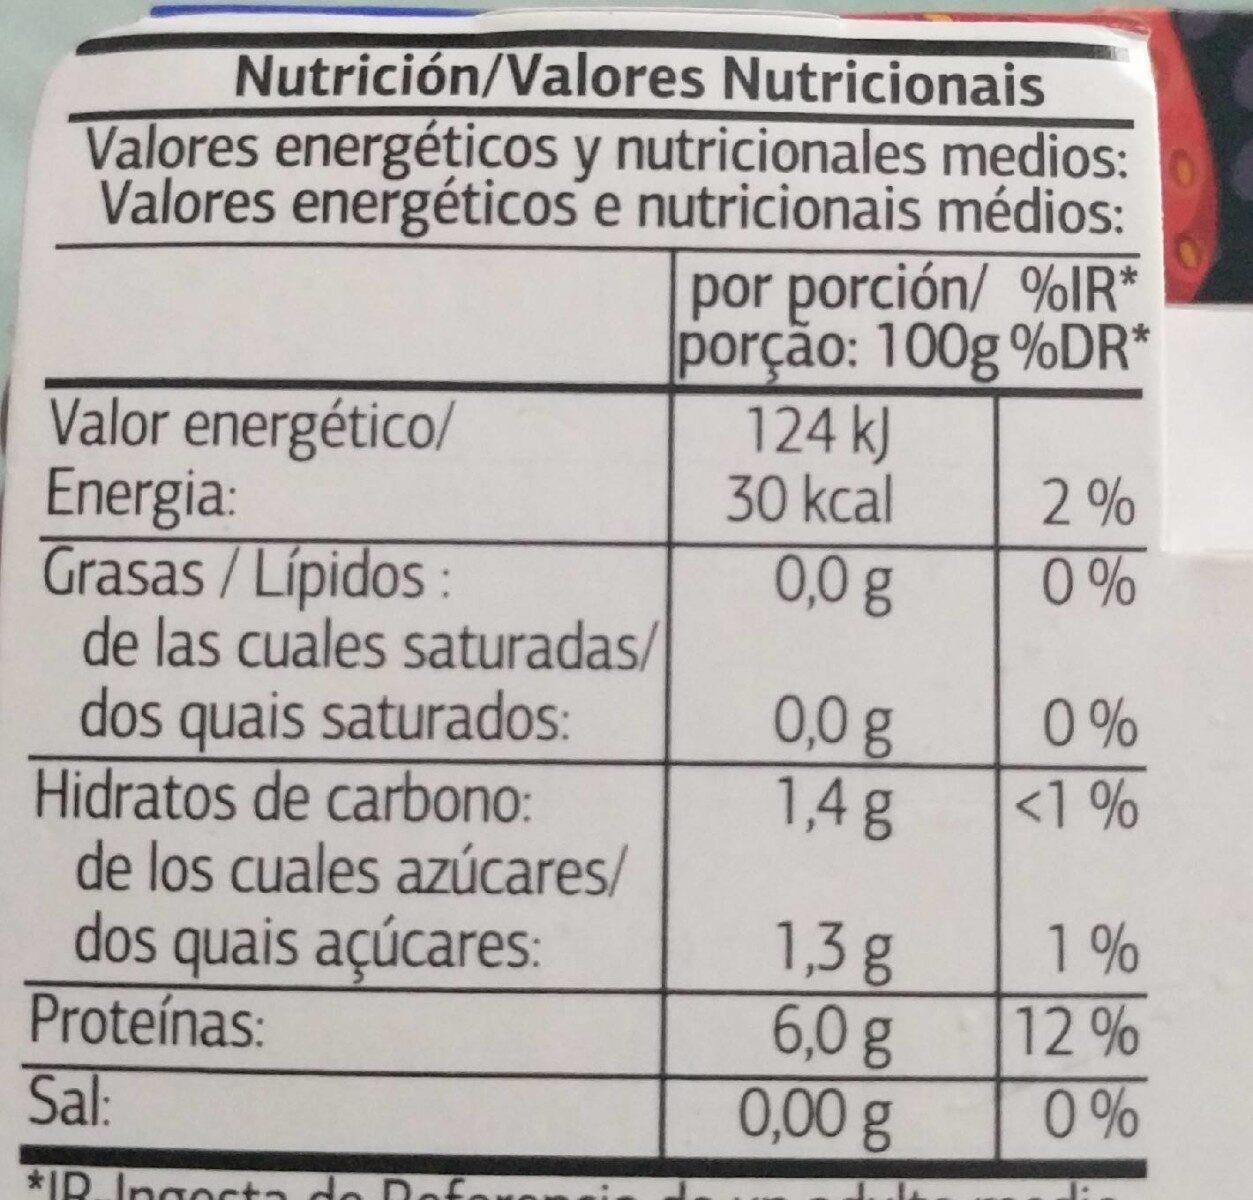 Gelatina alto contenido en proteinas - Informació nutricional - es
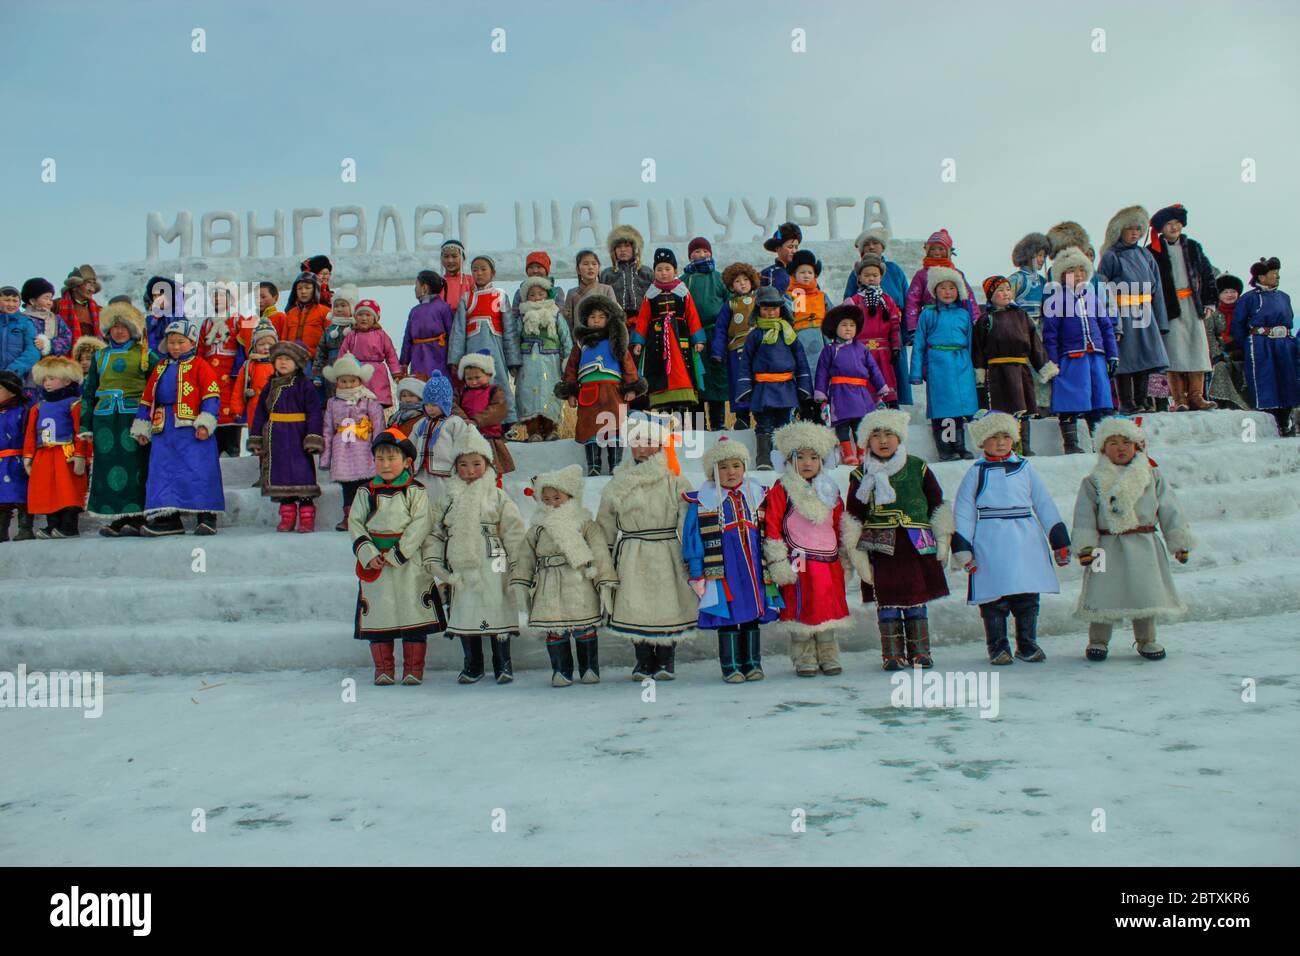 Enfants mongoles en vêtements traditionnels, hiver, province de Khovd, Mongolie Banque D'Images
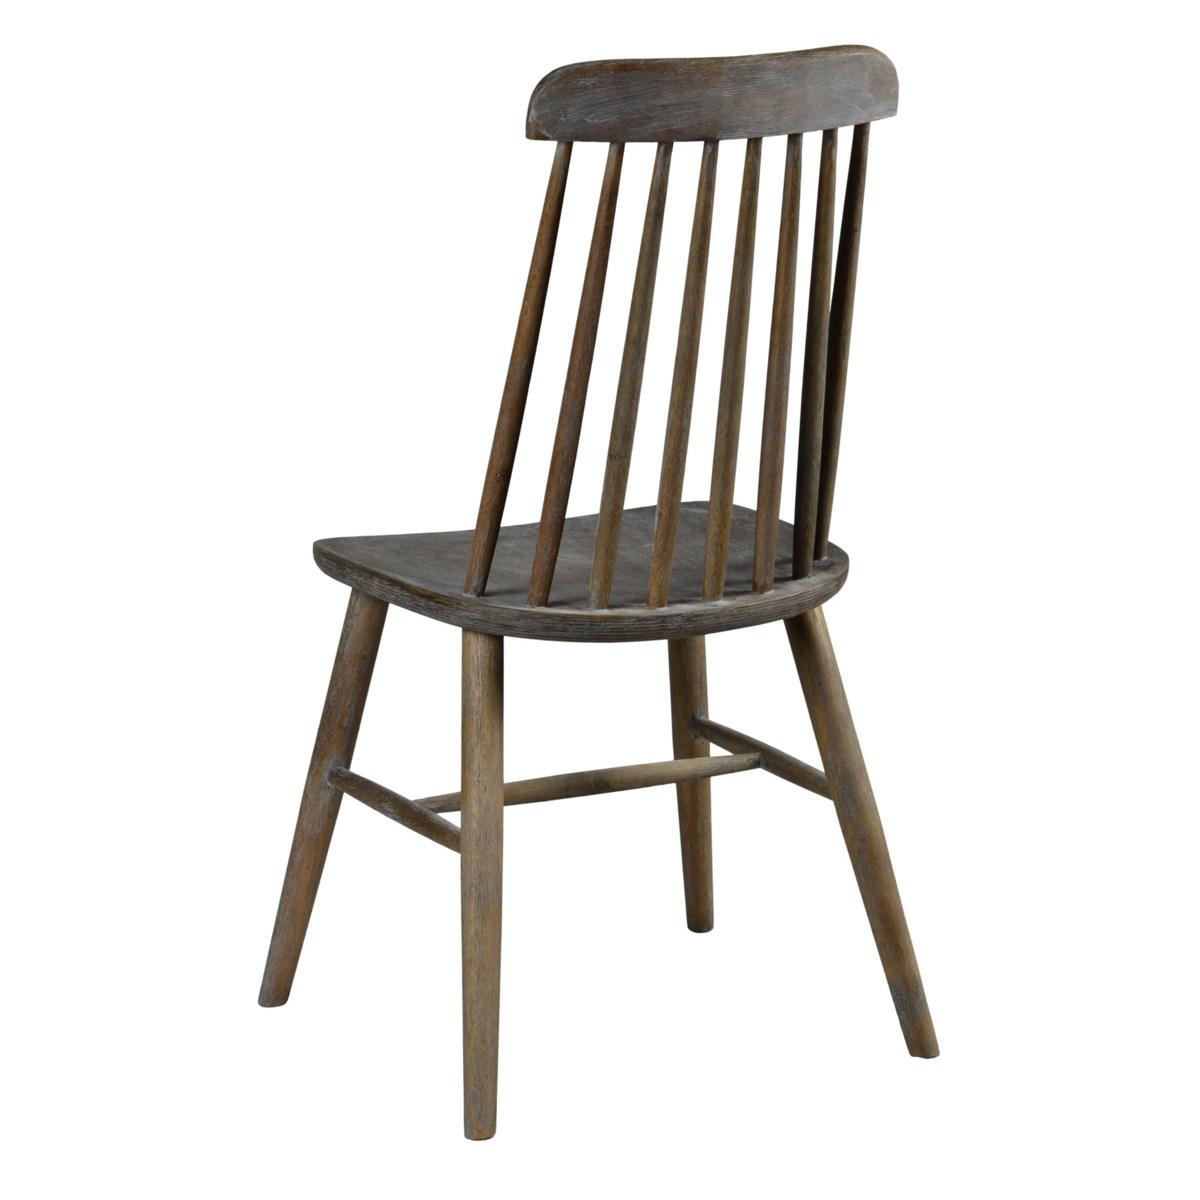 -Lloyd Chair (Brown Wash)

▶ Work request
Each line above is to be copied exactly, and the pictures are to be dropped.

▶ Your response
 Gelatina alto contenido en proteinas - Informació nutricional - es
 Enfants mongoles en vêtements traditionnels, hiver, province de Khovd, Mongolie Banque D'Images
 -Lloyd Chair (Brown Wash)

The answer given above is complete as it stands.